Deine Arbeitskleidung richtet sich später danach, wo du tätig sein wirst. Der Look wird sportlich sein, das macht Sinn. Meist gibt es einen durchgängigen Stil bei allen Mitarbeitern, um als Team aufzutreten und die Verbindung zum Arbeitgeber herzustellen, beispielsweise durch ein Logo auf dem Poloshirt.

Angestellt werden kannst du überall dort, wo Sport angeboten wird. Dein Arbeitsalltag kann sich dadurch auch sehr von dem deiner Mitschüler aus der Ausbildung zum/zur Fitnesstrainer/in unterscheiden.

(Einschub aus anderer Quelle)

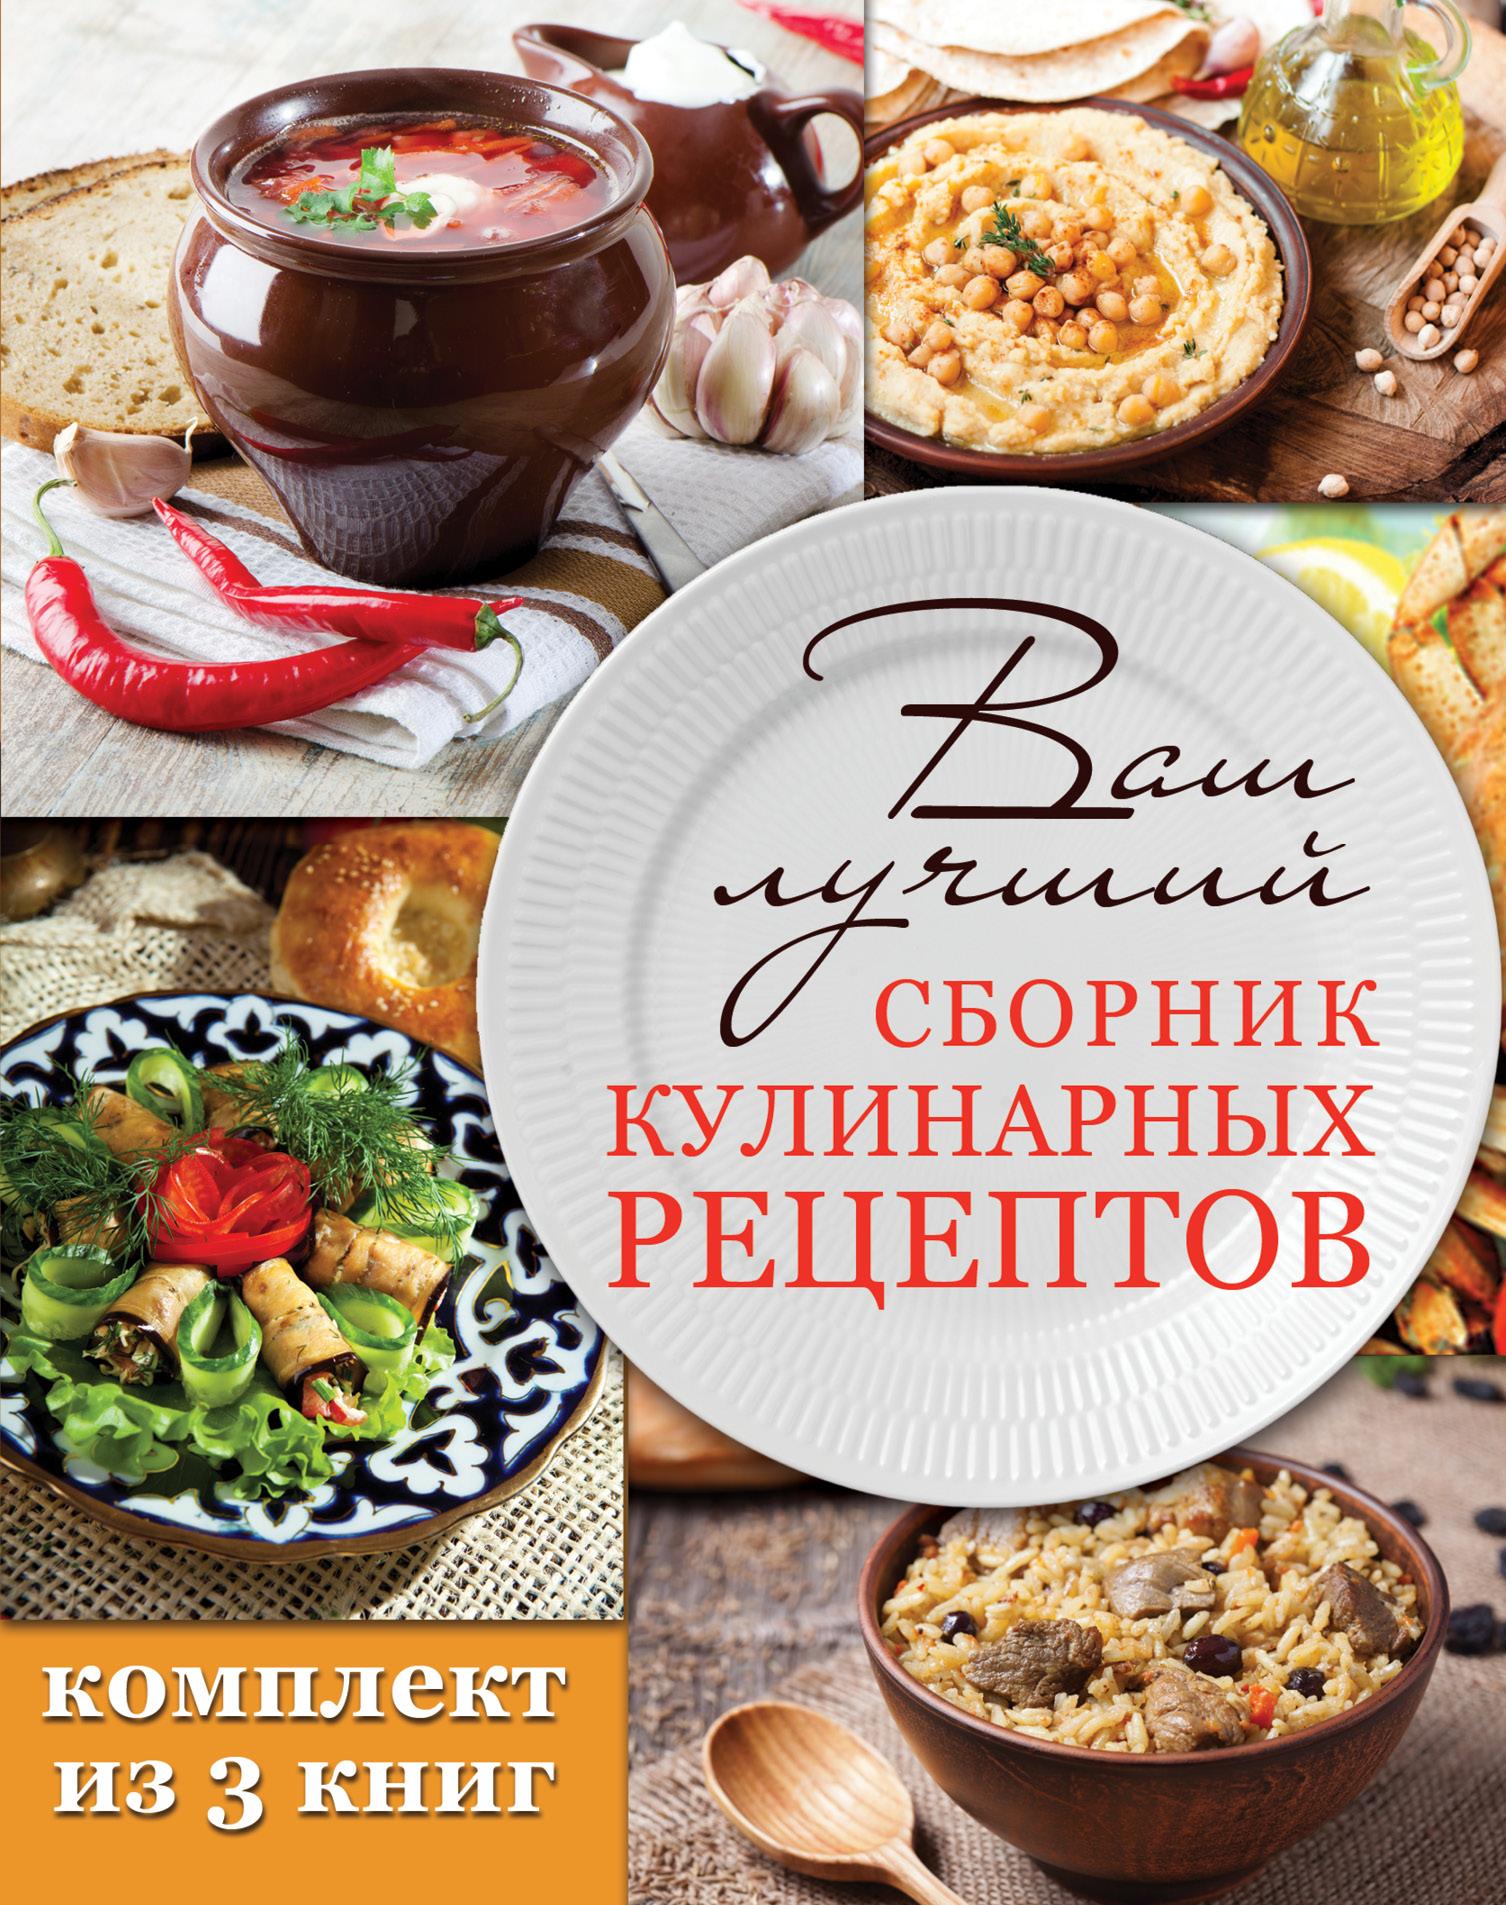 Вороникова Е.С. Ваш лучший сборник кулинарных рецептов (комплект из 3 книг) все цены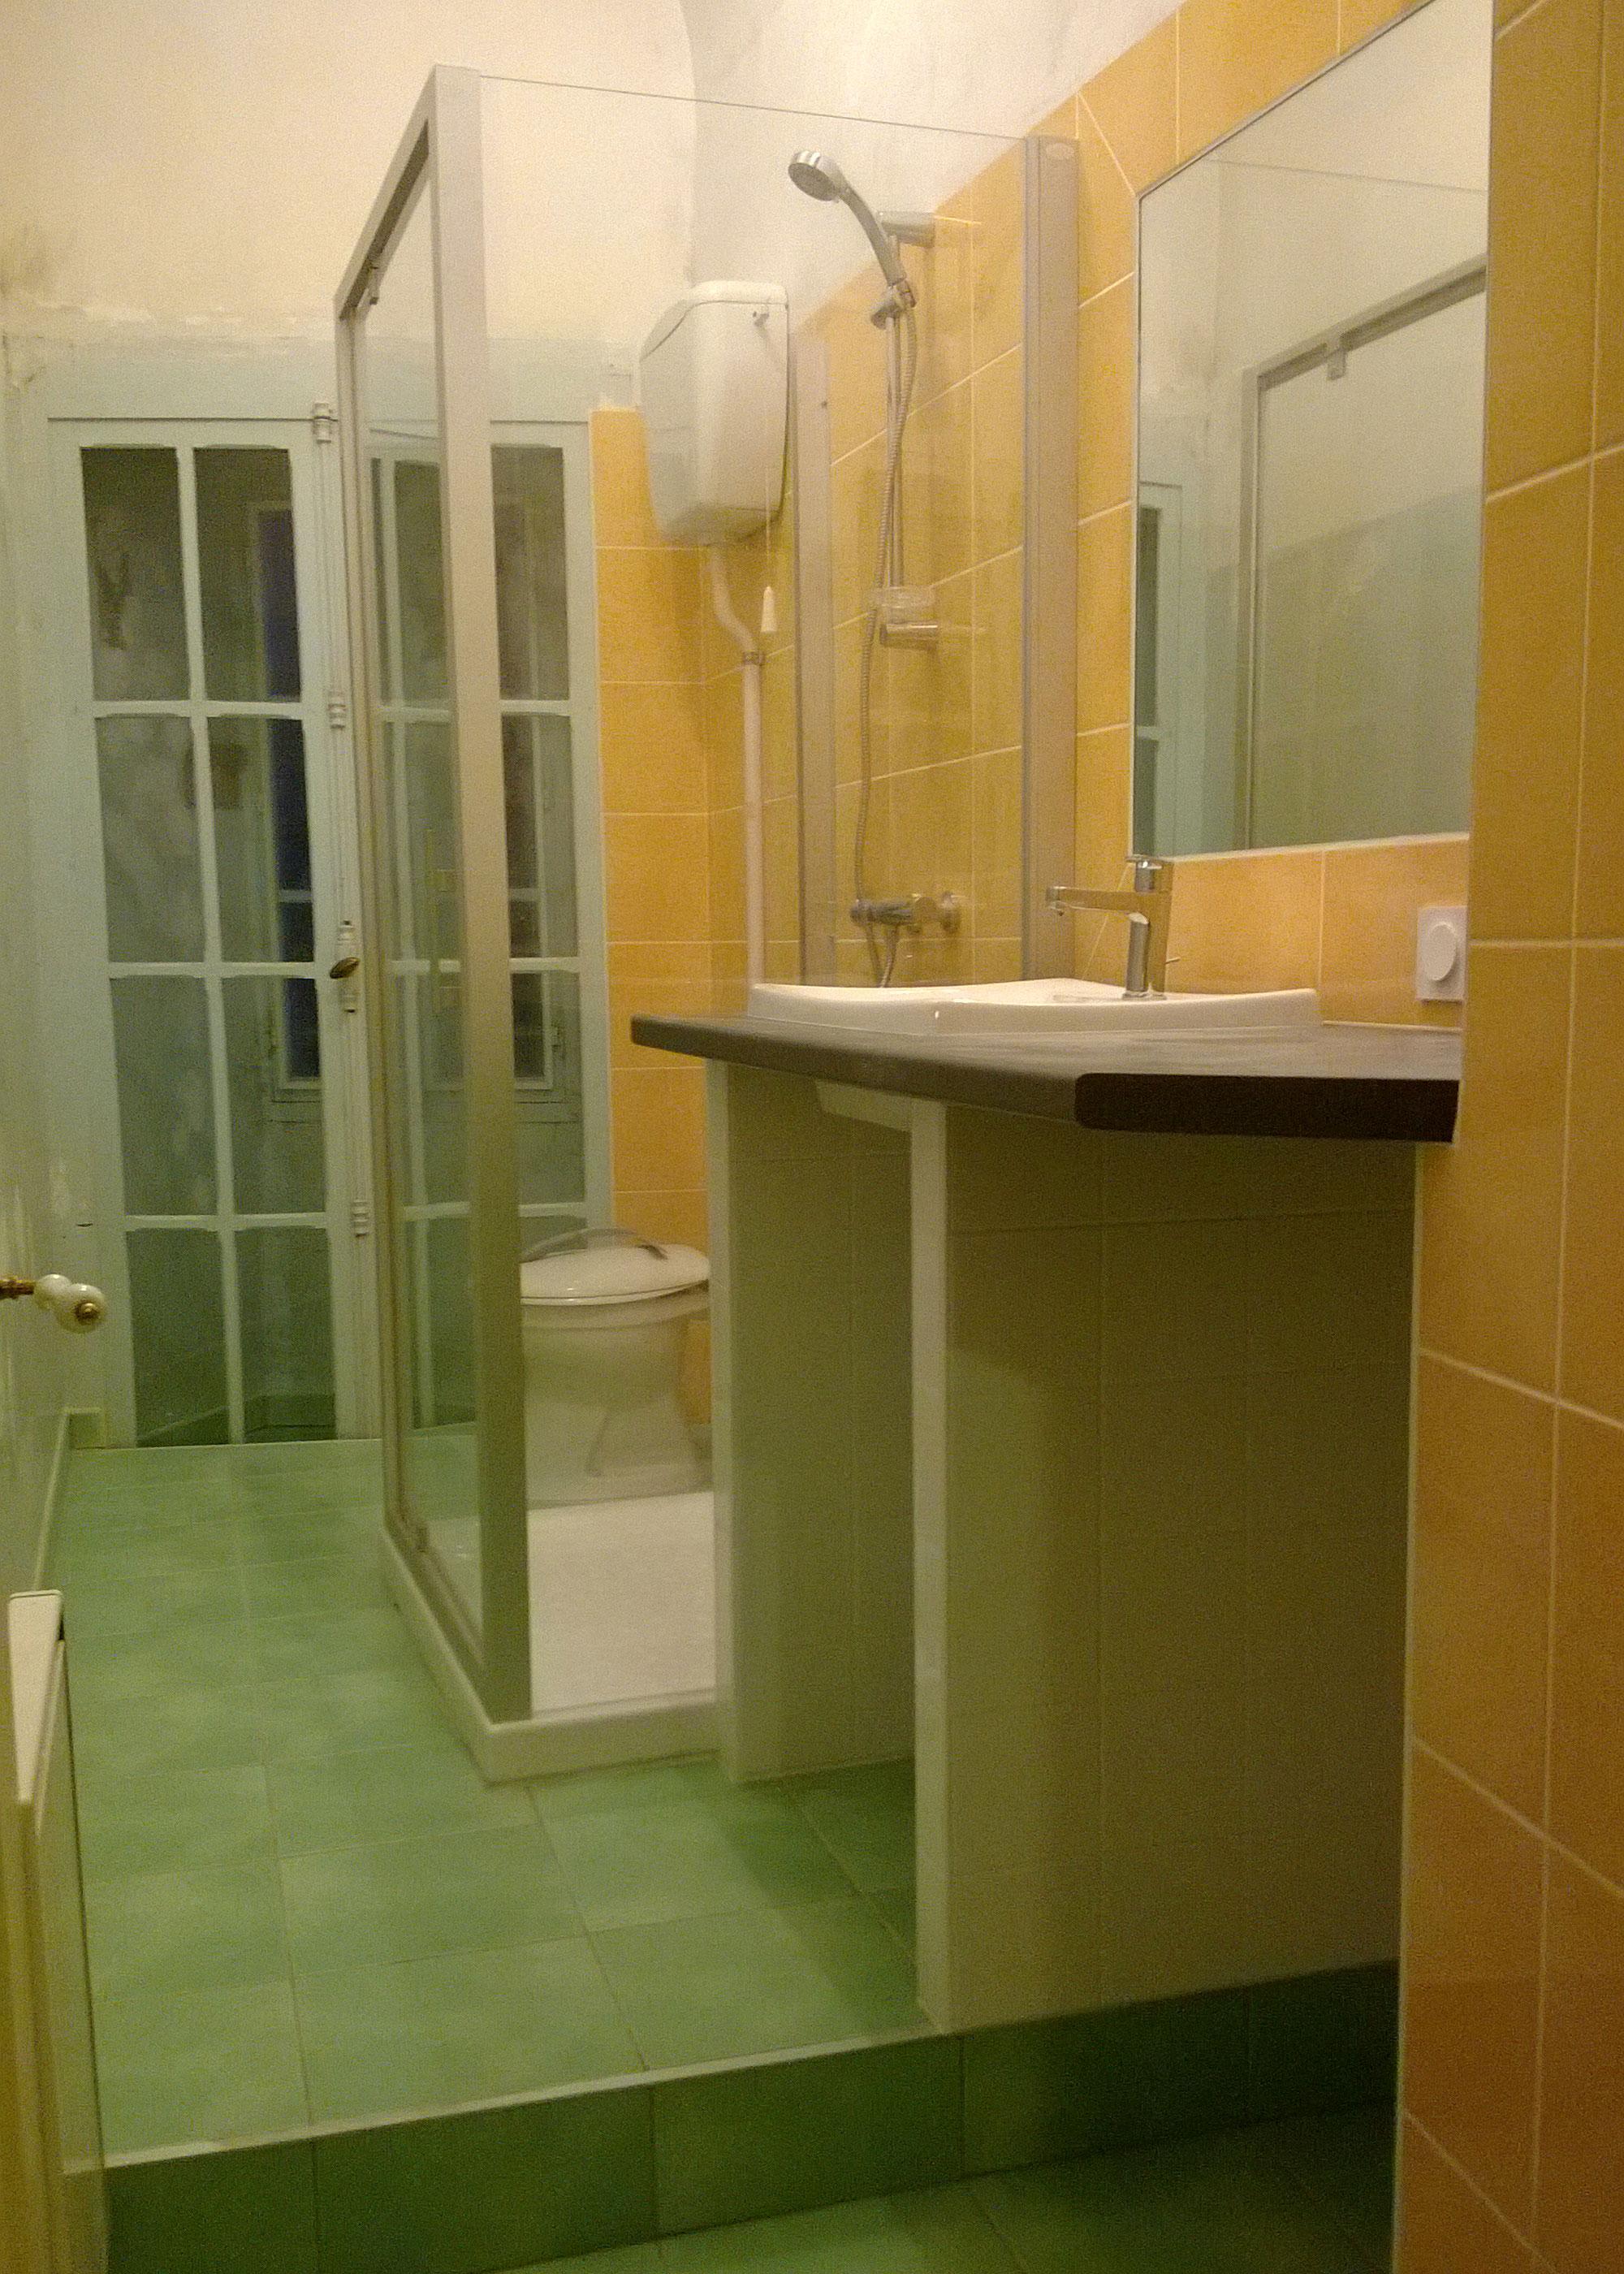 Salle De Bain Renovation Avant Apres ~ salles de bains et douches l italienne l atelier du carrelage

Je nachdem, ob du selbstständig arbeitest oder in Rehabilitationskliniken, Fitnessstudios, Hotels und Ferienzentren oder Sportvereinen unterkommst, gestalten sich deine Aufgaben.

Dein Arbeitsumfeld hat auch Einfluss auf deine berufliche Entwicklung. Du lebst von den Erfahrungen – und den Erfolgen, die deine Kunden mit dir teilen. Es ist einfach ein tolles Gefühl, Teil einer Erfolgsgeschichte zu sein. Die Motivation, die du an andere Sportler weitergibst, bekommst du früher oder später in Form von Anerkennung und Dankbarkeit zurück.